◆ TASK GOAL
Pictures are to be left out, and only the lines below starting at the one with "20 Best Designer" and ending at the one with "Acto de clausura" are to be reproduced, each exactly, both ends included.

◆ DATA UNDER STUDY
=== Section Start ===
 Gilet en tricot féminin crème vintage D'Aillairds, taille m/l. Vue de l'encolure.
=== Section End ===
=== Section Start ===
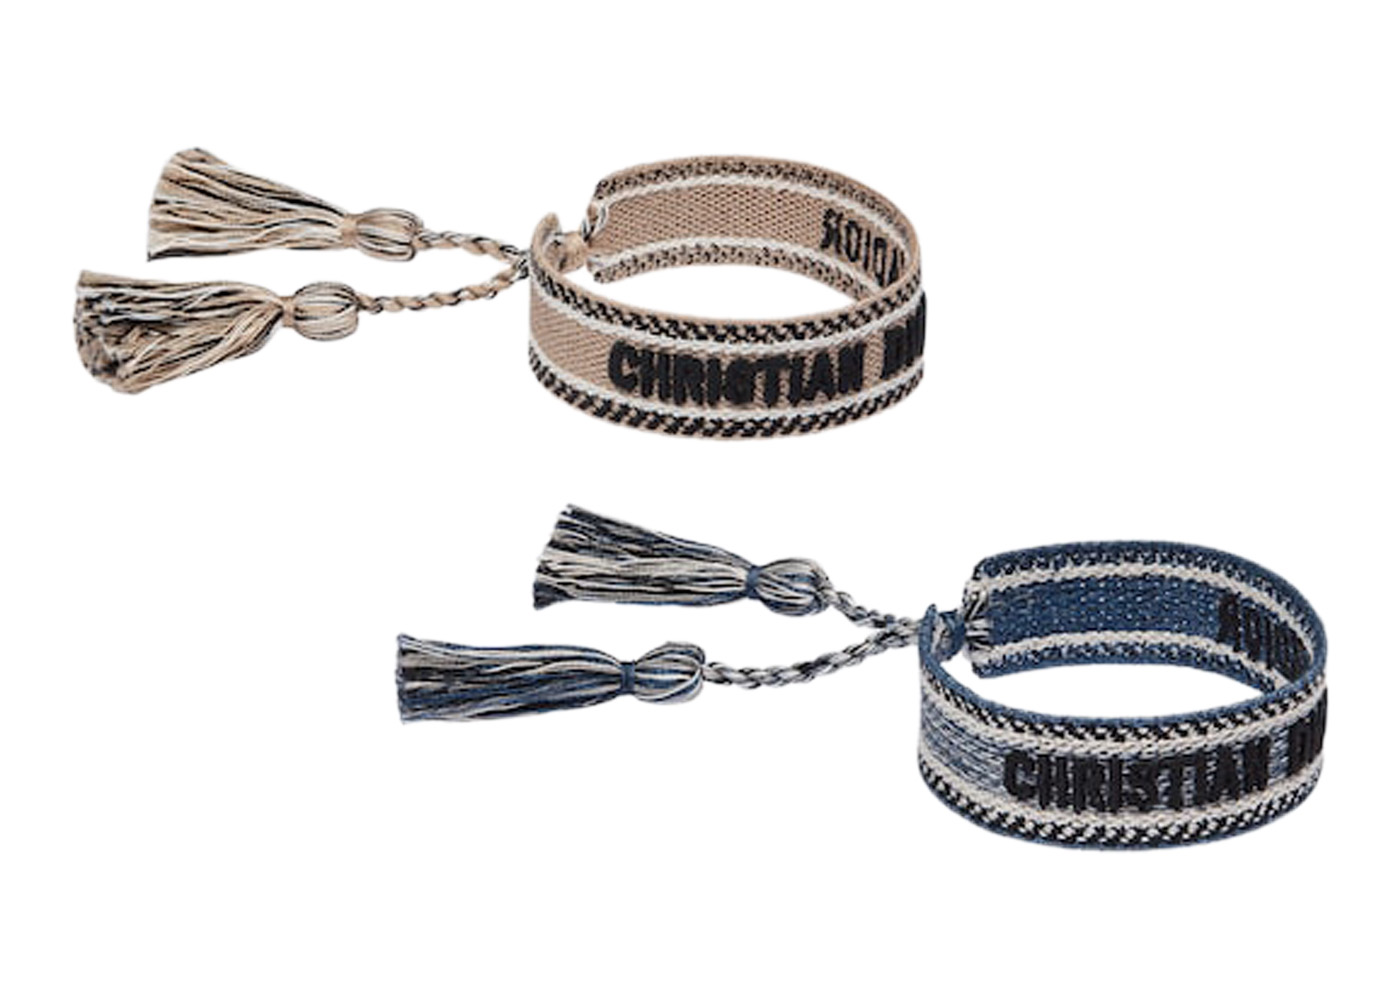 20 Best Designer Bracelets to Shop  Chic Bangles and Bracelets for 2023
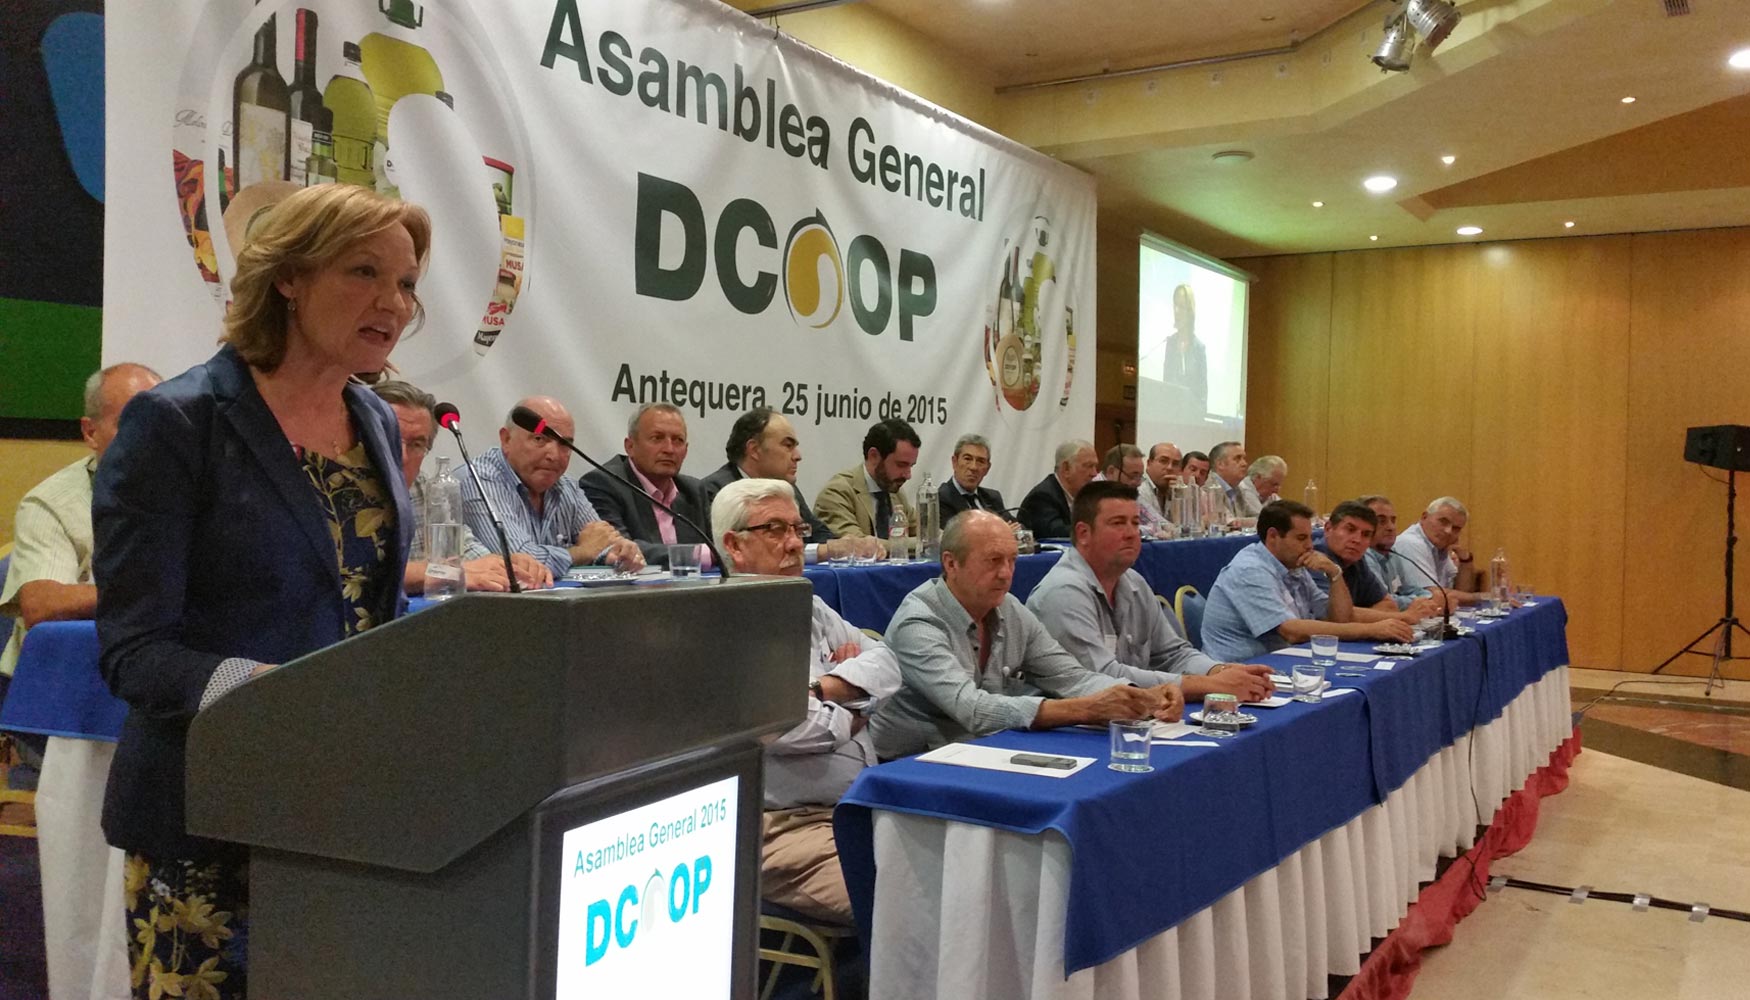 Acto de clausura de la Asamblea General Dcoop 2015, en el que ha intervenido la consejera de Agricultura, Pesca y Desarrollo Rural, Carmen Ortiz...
=== Section End ===
=== Section Start ===
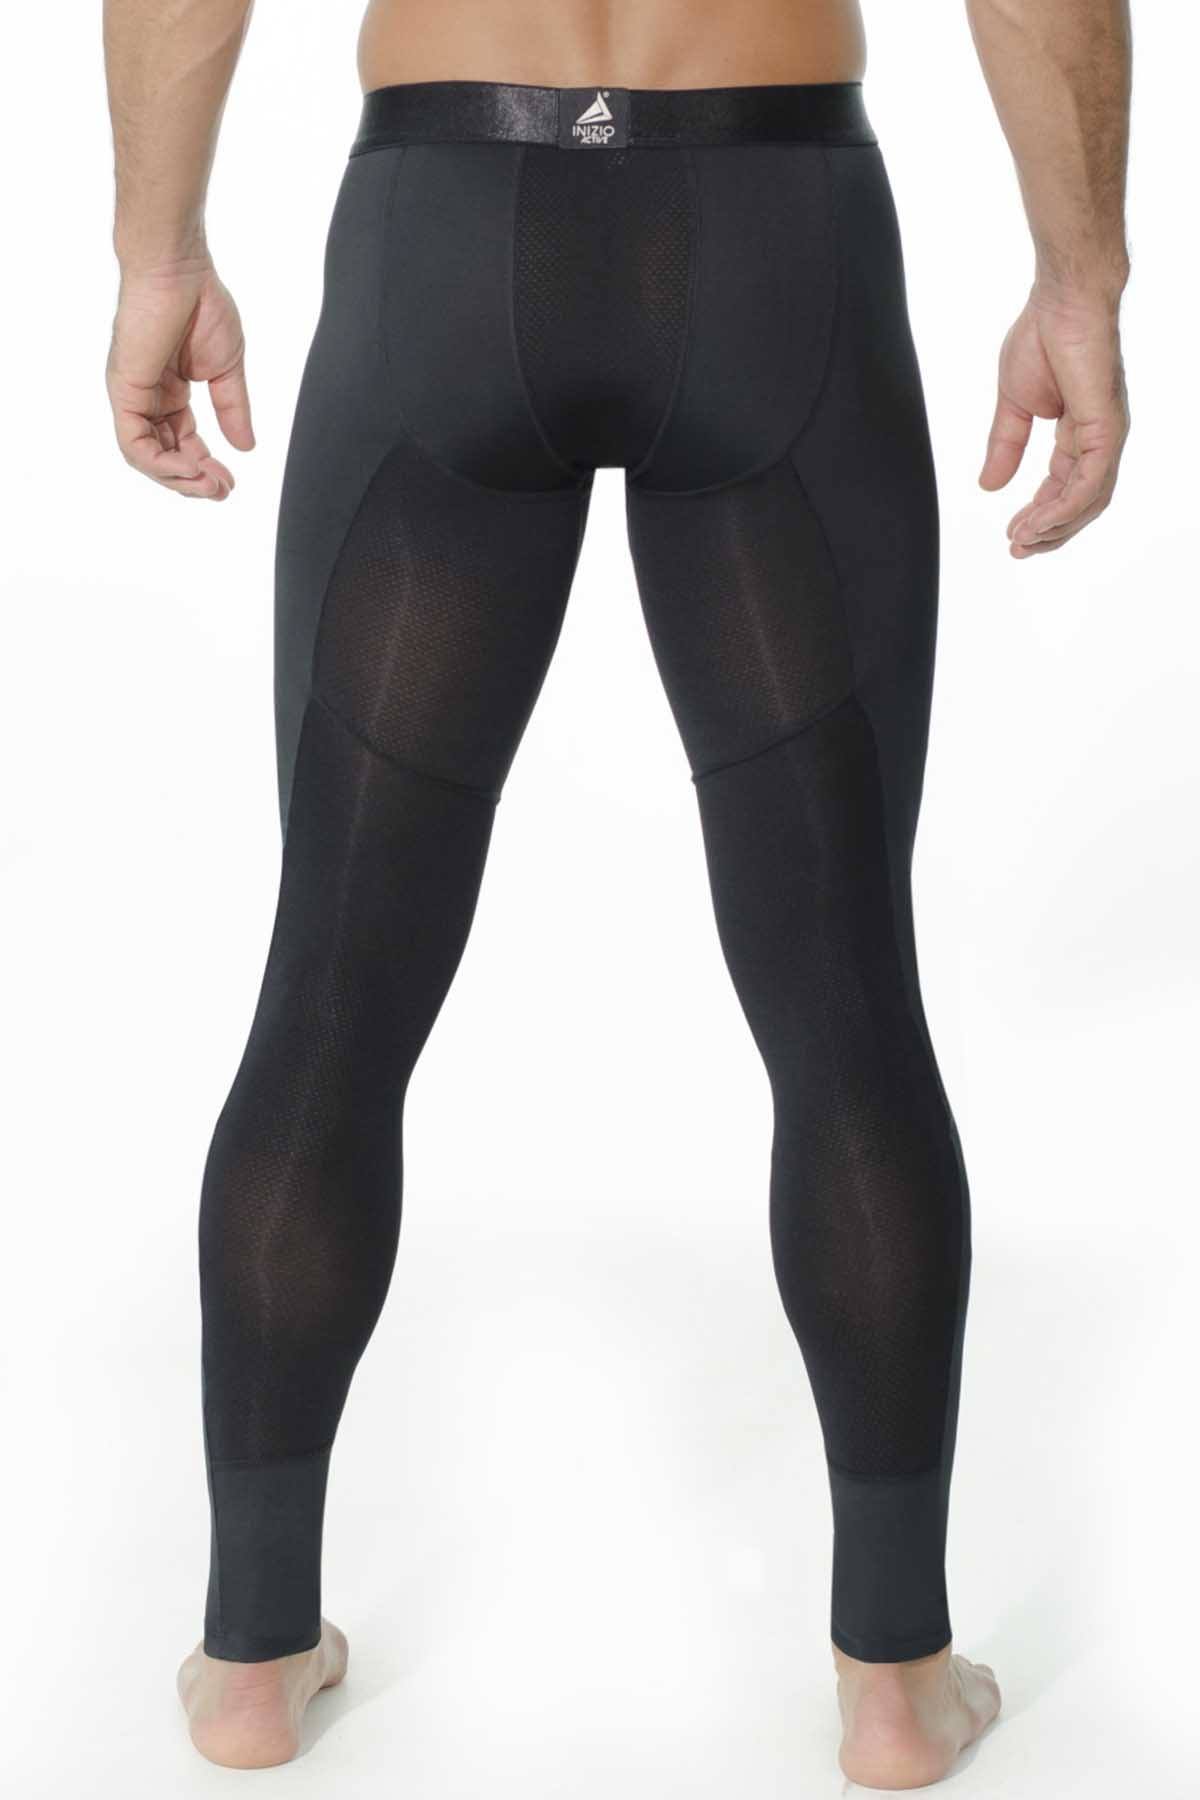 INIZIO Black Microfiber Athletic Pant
=== Section End ===
◆ SOLVED EXERCISE
 20 Best Designer Bracelets to Shop  Chic Bangles and Bracelets for 2023
 Acto de clausura de la Asamblea General Dcoop 2015, en el que ha intervenido la consejera de Agricultura, Pesca y Desarrollo Rural, Carmen Ortiz...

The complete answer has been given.